保安在这极致的温柔与快感中无声地沉沦,身体如同撒入清水的食盐般,开始融化在这乳白色的粘液中。在生命的最后,把他压在下方的熟妇微微俯身,红唇无比温柔地覆盖上保他已近乎虚无的嘴唇,香舌扭动着探入,以一个深情的告别之吻,将那最后一丝存在的气息与温暖,彻底吮吸吞噬、纳入了自己的体内。

丝茧之中,只剩下女仆长一人慵懒地悬浮在温暖的粘液中。她的肌肤莹润生光,容光焕发,体内的力量充盈无比。隐患,已被她用最温柔妥当的手段「处理」干净了。

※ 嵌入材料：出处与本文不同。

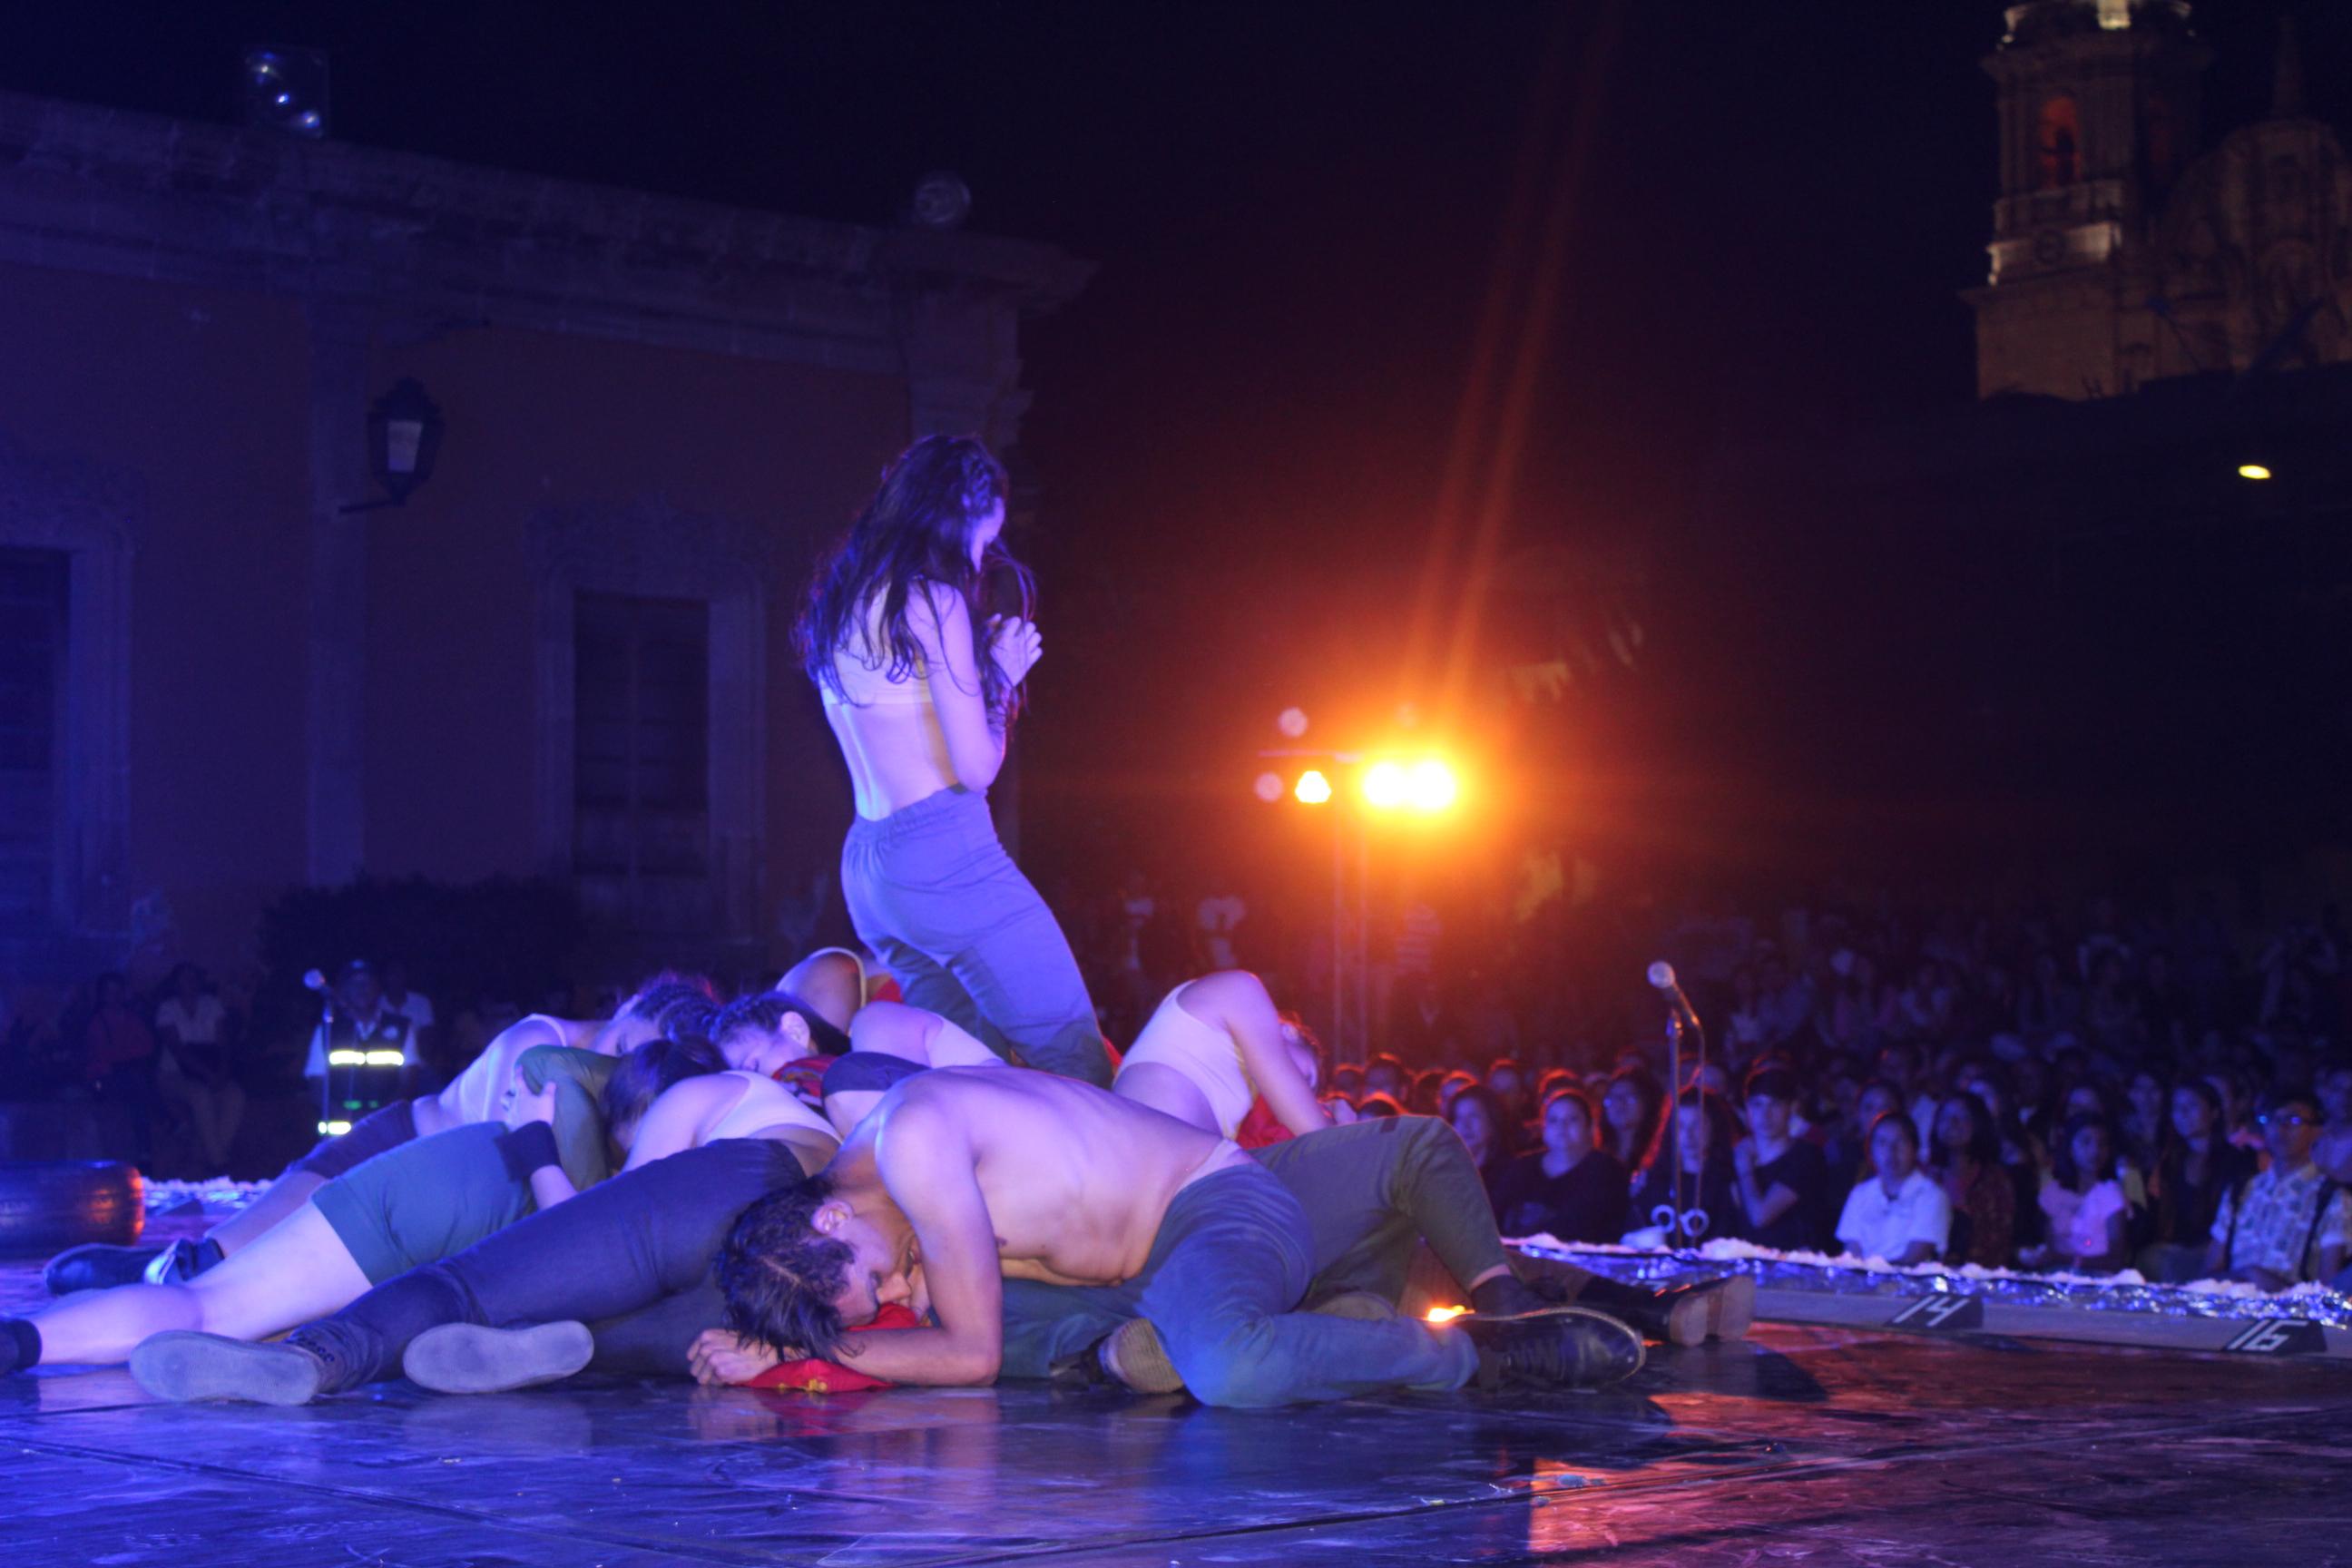 Durante la presentación, los artistas hicieron uso de sus fuerzas expresivas en la danza

“唉~可怜的孩子~现在~你终于解脱了呢~”她满足地叹息着,声音依旧温柔得能滴出水。意念微动间,吊挂着茧的丝索,以及包裹着她的茧壁,如同退潮般温柔地软化、分解、回流。那些乳白色的丝线和粘液,如同最忠诚的奴仆般,温柔地覆盖缠裹上她赤裸的娇躯,重新凝结成那身完美、紧致的女仆装,甚至连一丝多余的褶皱都没有。她轻盈地落地,陶醉的把手探入裙摆抚摸着那攀到了大腿根部的丝袜,足下的高跟因喜悦跺在冰冷的地面,发出清脆而优雅的「咔哒」「咔哒」声。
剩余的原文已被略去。